Uit Wikipedia, de vrije encyclopedie

De Dregovitsjen (Oudkerkslavisch: дьрьговичи Wit-Russisch: Дрыгавічы, Dryhavitsjy,; Russisch: Дреговичи, Dregovitsji; Oekraïens: Дреговичі, Drehovytsji) waren een Slavische stam die gebieden langs de Pripjat en noordelijke delen van de rechteroever van de Dnjepr bewoonde. De naam van de stam is waarschijnlijk afgeleid van het oude Slavische woord дрегва of дрягва (dregva of drjagva) voor moeras, en zou dus "Moerasbewoners" betekenen.

De vroegst bekende verwijzing is in de 10e-eeuwse De administrando imperio van Constantijn Porphyrogennetos naar de "Droegovitsjen" als een van de volkeren die tribuut brachten aan het Kievse Rijk. In de 12e-eeuwse Nestorkroniek worden ze onder de "twaalf stammen" genoemd.

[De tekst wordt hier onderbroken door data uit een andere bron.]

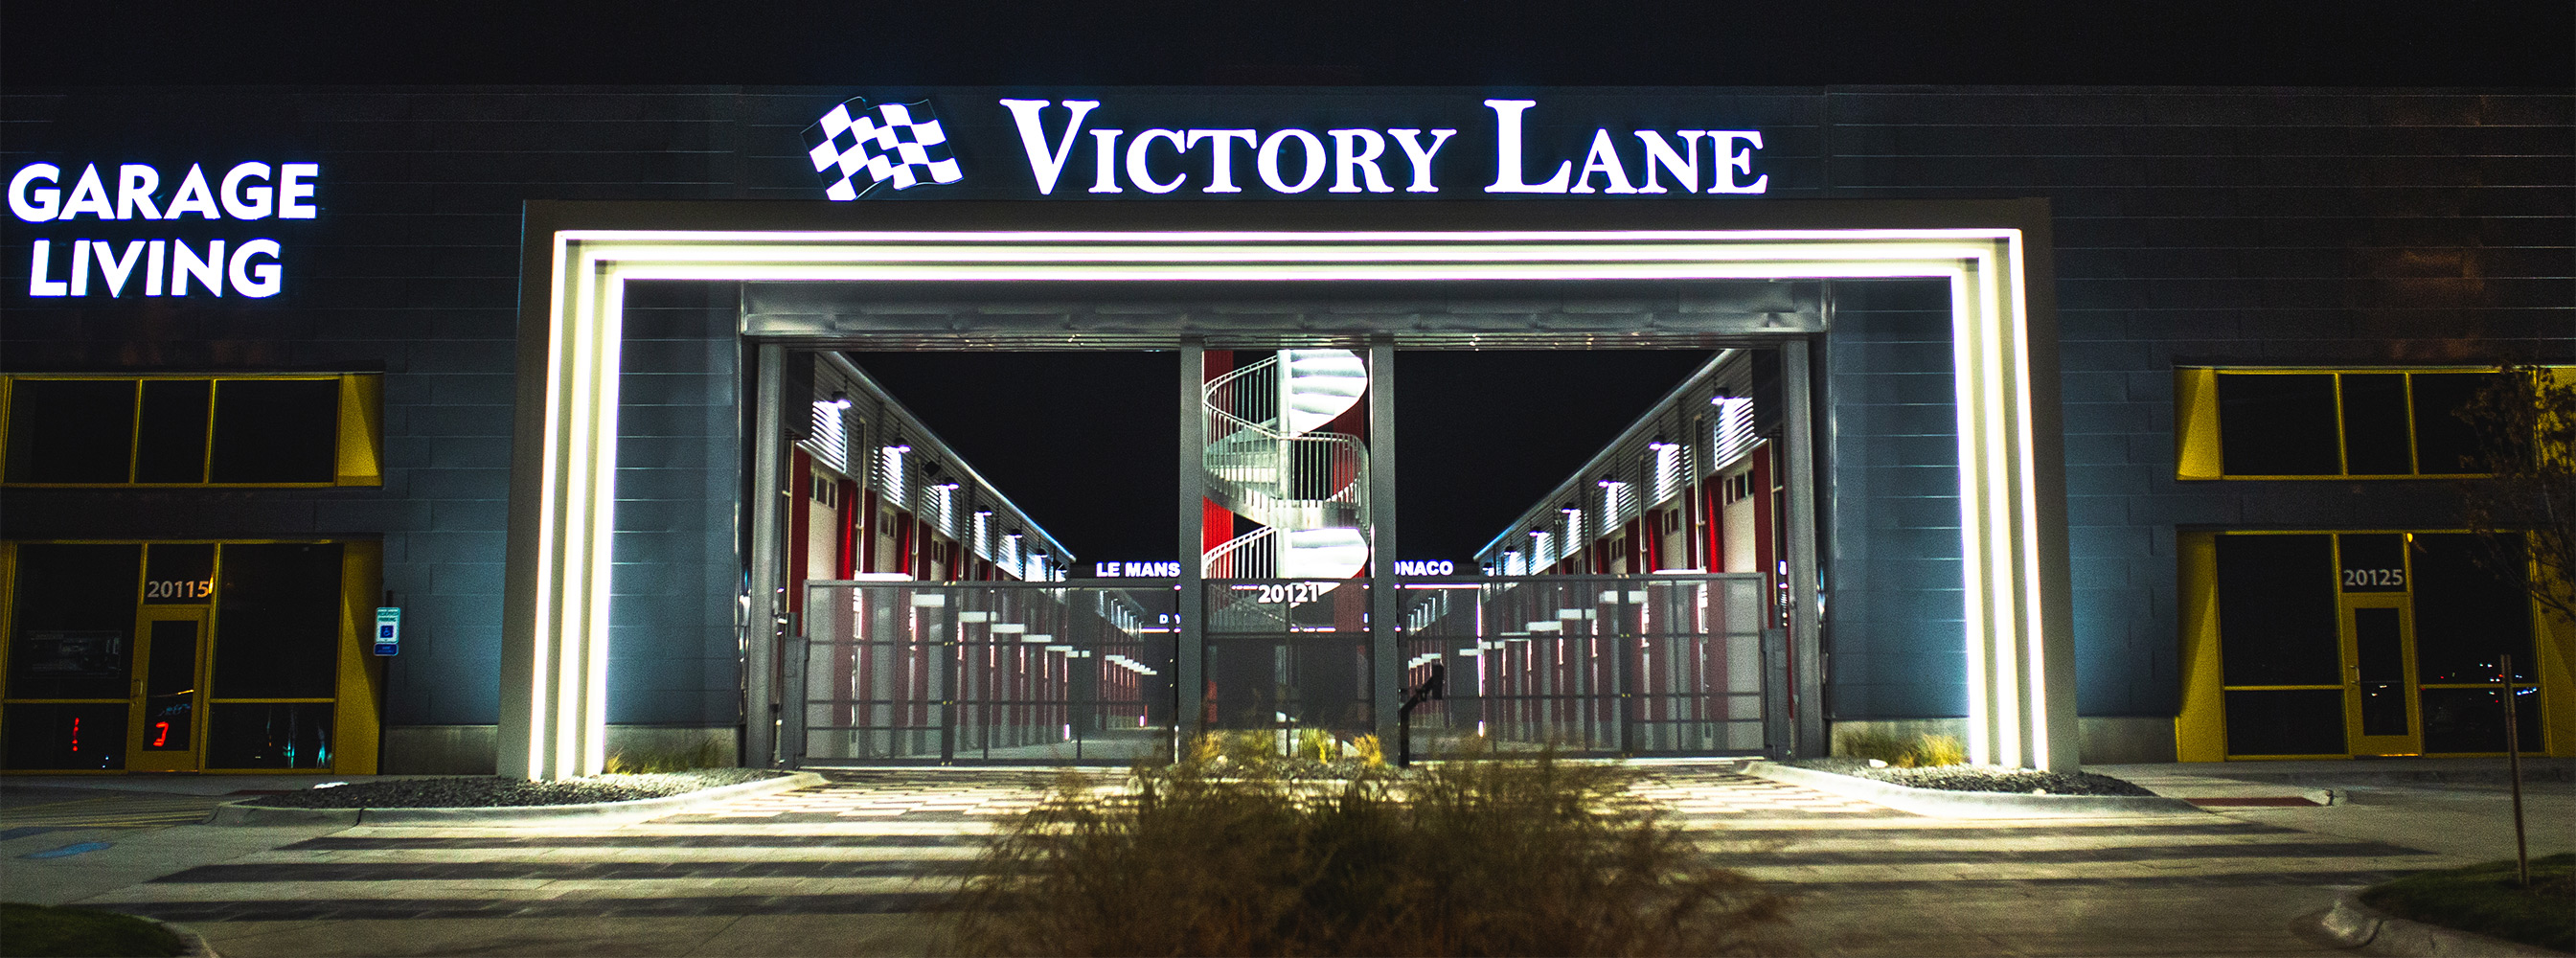 victory-lane_1000px_1

De kronieken vertellen niet veel over de Dregovitsjen. We weten alleen dat ze in Toerov hun eigen vorstelijke heerschappij hadden. In de 10e eeuw werd het land van de Dregovitsjen deel van het Kievse Rijk en later het Vorstendom Toerov. Het noordwestelijke deel van het land van de Dregovitsjen werd deel van het vorstendom Polotsk.

De Dregovitsjen lieten langs de Pripjat een aantal archeologische restanten na uit de 9e en 10e eeuw, zoals de resten van agrarische nederzettingen en grafheuvels met gecremeerde lichamen. In latere grafheuvels uit de 11e-12e eeuw werden intacte skeletten gevonden. Er zijn grafstructuren die lijken op kleine houten huizen met zadeldaken.